# Reattaching baseboards?



## Nestor_Kelebay (Jun 17, 2008)

I seem to be seeing what appear to be 4 inch long finishing nails in that baseboard? Whaafor would anyone do that?

Joony:

You're misunderstanding something here.

Take a look at your picture. That area that was behind your baseboard consists of an upper plaster area and a lower wood area. That lower wood area consists of a fir or spruce 1X3 that's nailed to the bottom plate of the wall. You merely have to nail your baseboard to that 1X3.

Here's what you need to do to fix up that wall:

1. Since you have plaster walls, you may as well learn to repair plaster. Go to any drywall wholesaler and ask to buy a bag of BASE COAT plaster. Personally, I like Domtar's Perlite Admix Hardwall. Also, pick up a bag of a good quality drywall joint compound. I like Synko ProSet 90 Lite Sand in the yellow bag, but if you prefer the convenience of a premix, that's fine too. And, get yourself a gallon or half gallon of white wood glue. Elmer's or LePage's is fine.

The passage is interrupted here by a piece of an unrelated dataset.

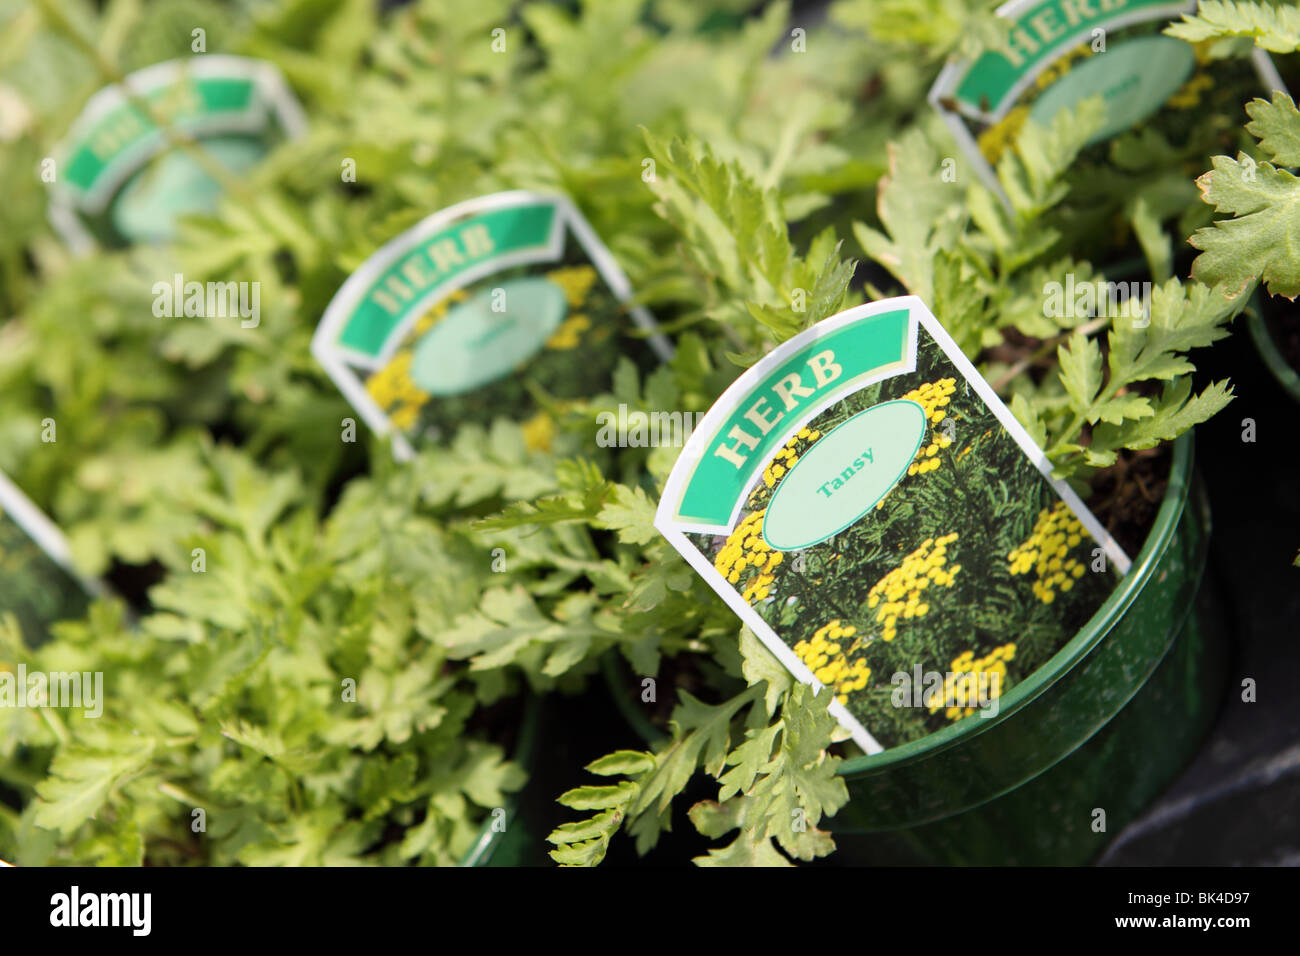 Tansy Tanacetum vulgare herb plant plants for sale at a nursery garden centre Stock Photo

2. Dilute A BIT of white wood glue with a bit less water to make it into a paintable consistancy and paint it onto the inside surfaces of that spot to the right of your heating register where the old plaster fell out. You want to paint that glue onto everything you want your new base coat plaster to stick to. You can let that glue dry if you want. Then, mix up some basecoat plaster in a dixie cup or clean tin can and use it to fill that spot. It's OK if the glue is already dry, the moisture of the base coat plaster will reactivate it. Give the base coat plaster a couple of hours to set up (but not dry) and clean it with a damp sponge. This will remove the top surface of it. Keep wiping with a damp sponge until your remove between 1/16 to 1/8 inch or so off the surface of that stiff base coat plaster. Allow the base coat plaster to dry, and then fill in the void you removed with you drywall joint compound. Drywall joint compound will shrink as it dries, so you'll have to apply a second coat to fill in that shrinkage. And, if you're a perfectionist, you'd paint those holes where your finishing nails were with adhesive too, and fill them with drywall joint compound, allow to dry and scrape smooth with a paint scraper or sand smooth with a sanding screen (or sandpaper).

Now you're ready to put up your baseboard.

3. Pull any nails still in your baseboard out. Pull them out through the BACK of the baseboard so that you don't muck up the front of the baseboard. An easy way to do this is to grab onto them with a pair of vice grips, and then use a pry bar or the claws of a claw hammer to pry between the back of the baseboard and the vice grips.

4. Get a supply of the finishing nails you want to use. They only have to be long enough to go through the baseboard and that 1X3. If your baseboard is 3/4 inch thick, get 1 1/2 inch long finishing nails.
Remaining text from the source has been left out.